Data shown:
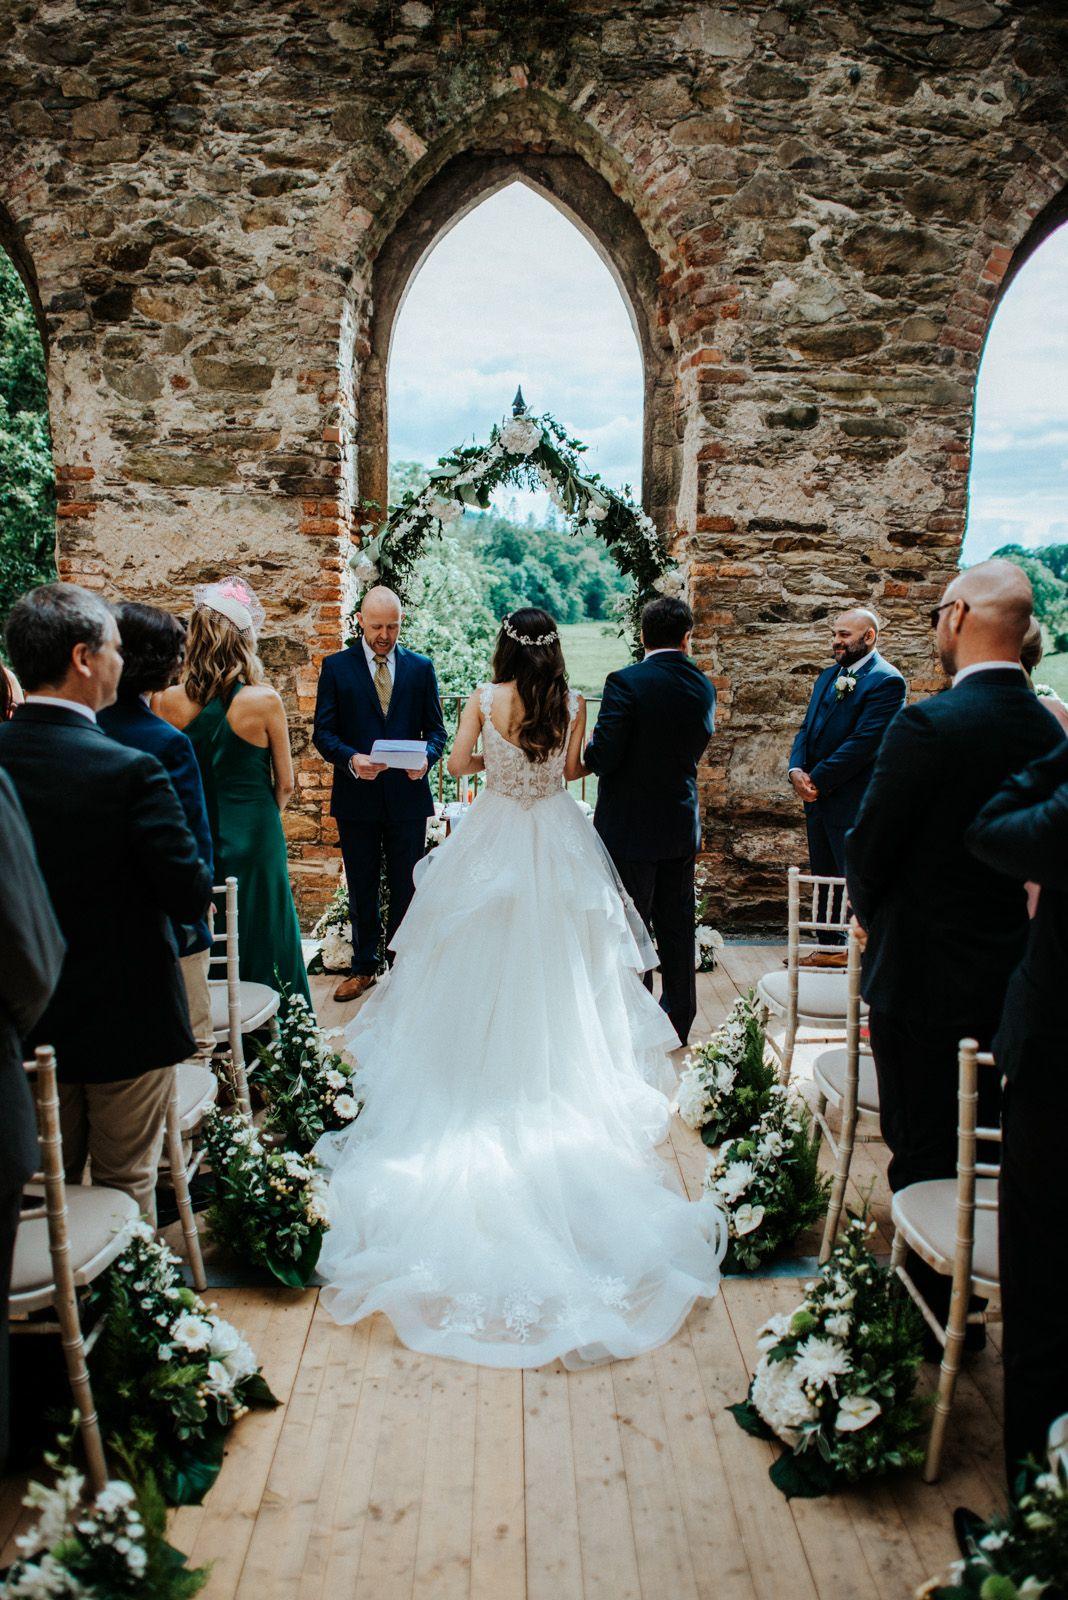 Beautiful castle ruin wedding in Ireland in 2020 Ireland
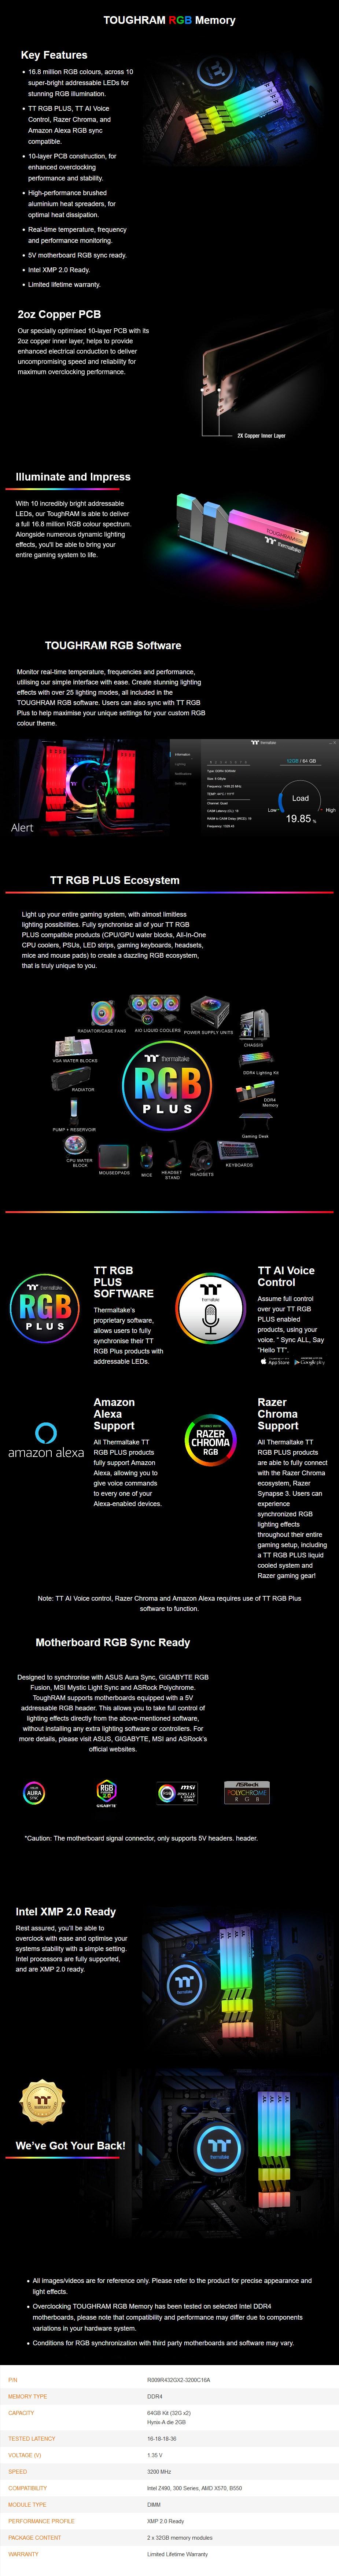 Thermaltake TOUGHRAM RGB 64GB (2x32GB) DDR4 3200MHz CL16 Memory - Black - Overview 1
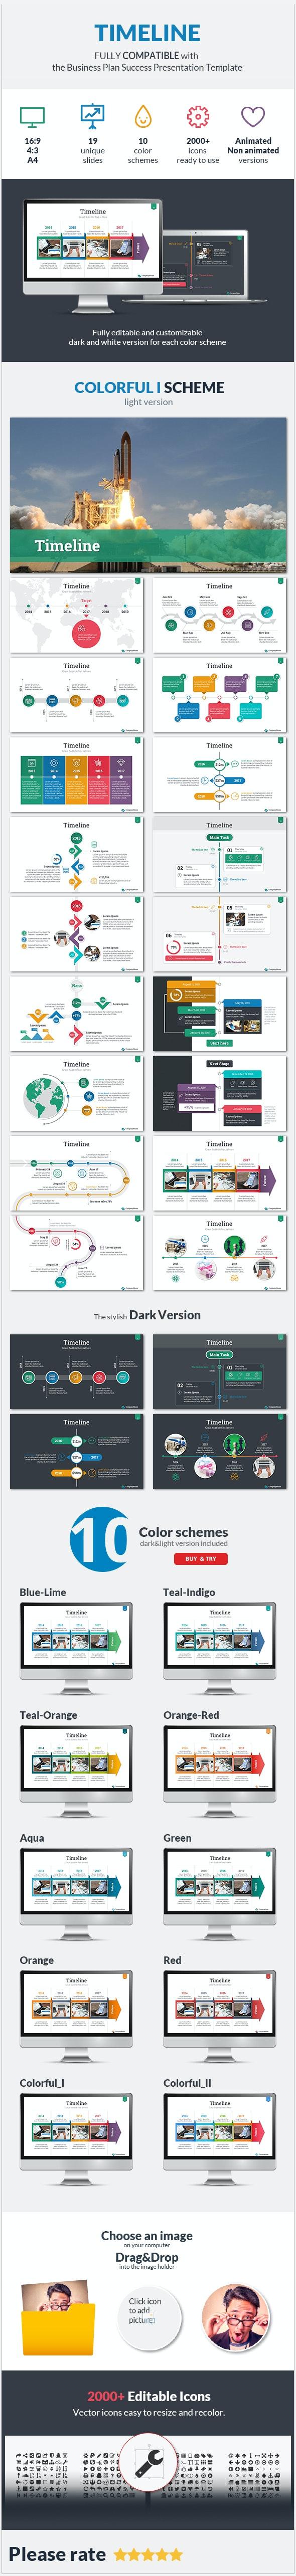 Timeline Success PowerPoint Presentation Template - PowerPoint Templates Presentation Templates

Exercise:
The listing is to be reproduced in full and exactly, except that its pictures are to be dropped.

Answer box:
 Beautiful castle ruin wedding in Ireland in 2020 Ireland
 Thermaltake TOUGHRAM RGB 64GB (2x32GB) DDR4 3200MHz CL16 Memory - Black - Overview 1
 Timeline Success PowerPoint Presentation Template - PowerPoint Templates Presentation Templates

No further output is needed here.